Alpujarra de la Sierra is a municipality located in the province of Granada, Spain. According to the 2007 census (INE), the city has a population of 1,168 inhabitants.

==History==
It was formed by the union in 1971 of Mecina Bombarón and Yegen, and is situated in the central-northern area of La Alpujarra (Granada), 108 km from the provincial capital, in the south-east of Spain. It is bounded by the municipalities of Lanteira, Válor, Ugíjar, Cádiar and Bérchules.

Its council was formed from the centres of Mecina Bombarón, Yegen and Golco, together with the cortijada (hamlet/farmstead) of Montenegro, Spain.

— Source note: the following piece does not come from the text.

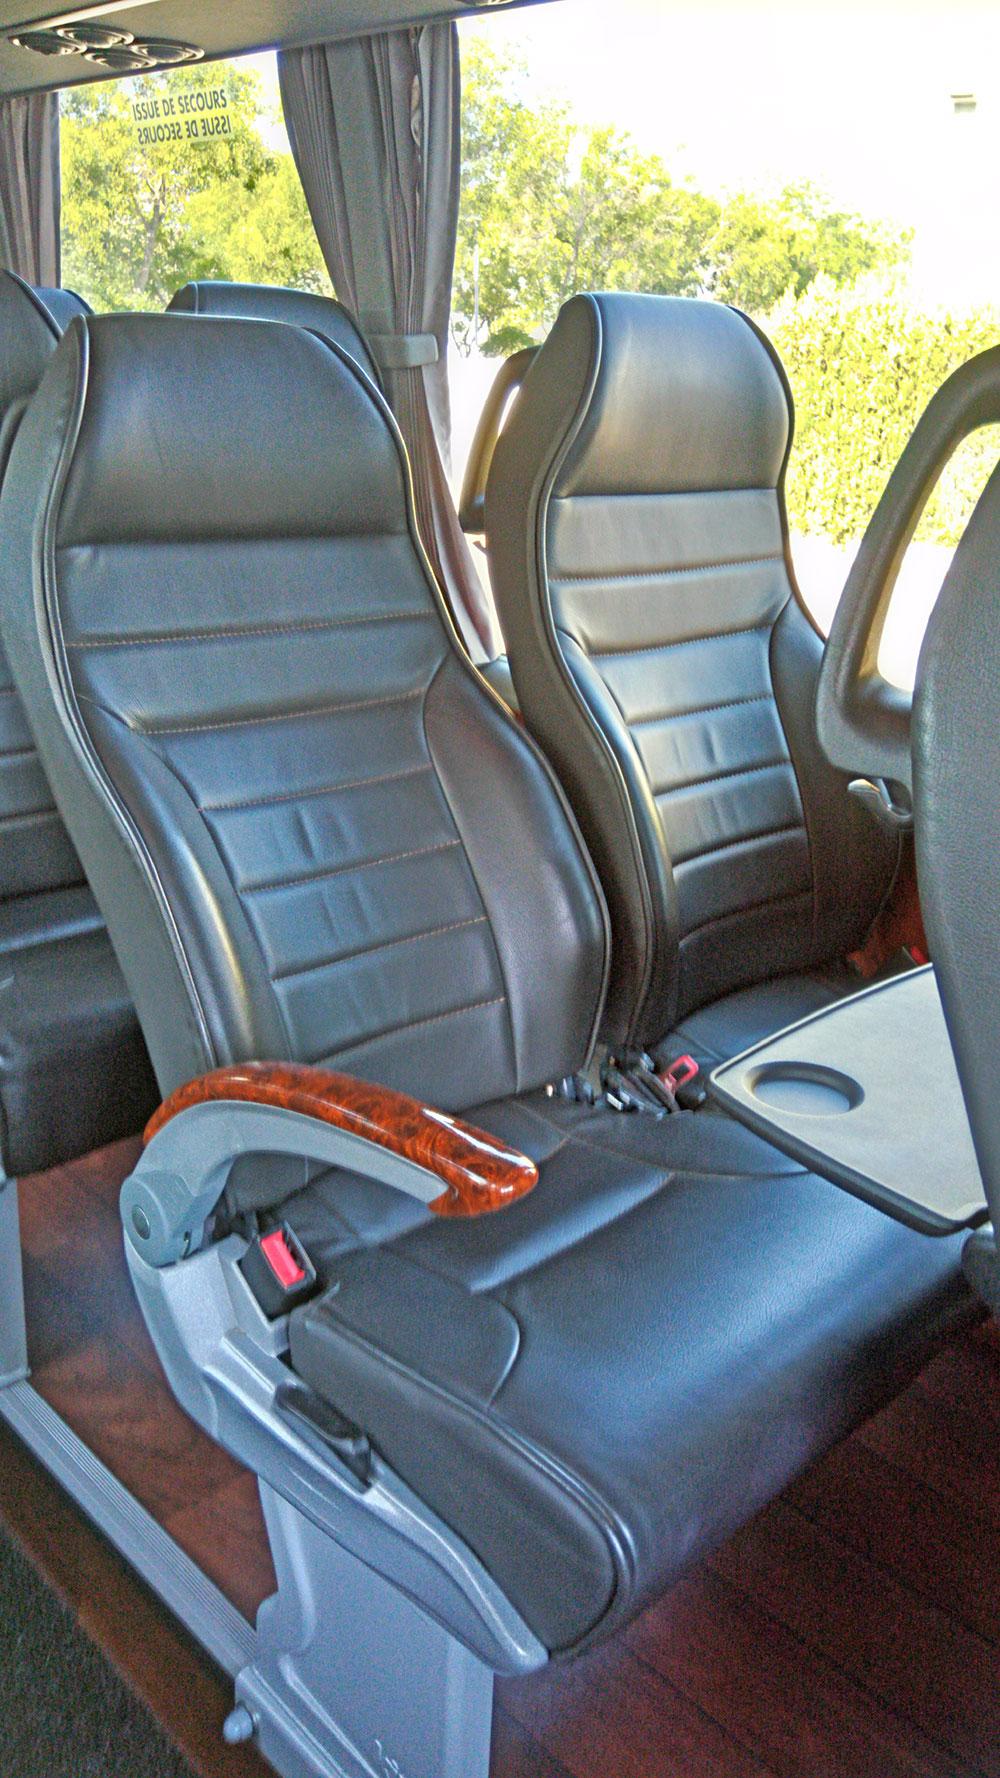 minibus-avec-chauffeur---autocars-vip--transfert-et-sejours-en-provence--gorges-du-verdon

The municipality lies on the southern slopes of the Sierra Nevada mountains, and the houses look out towards the Mediterranean Sea in the distance. Its terraced farmlands are watered by the melting snow from above, giving rise to a high-altitude oasis of greenery above the arid foothills below.

Alpujarra de La Sierra is one of over 50 villages in the area, which were the last stronghold of the Spanish Muslims, or Moors. Soon after the Castilians took Granada in 1492, all the region's Moors were forced to convert to Christianity. Those who refused took to the hills, settling in this remote, inaccessible area. Alpujarra de la Sierra retains its traditional Berber architecture and has many quaint white houses with flat clay roofs lining narrow streets.

Author Gerald Brenan, who wrote South from Granada, was a resident of Alpujarra de la Sierra. He rebuilt a ruined house (now marked with a plaque in his memory) and was visited by many of his friends of the famous Bloomsbury group. In his book, Brenan describes the everyday life of Yegen in the 1920s.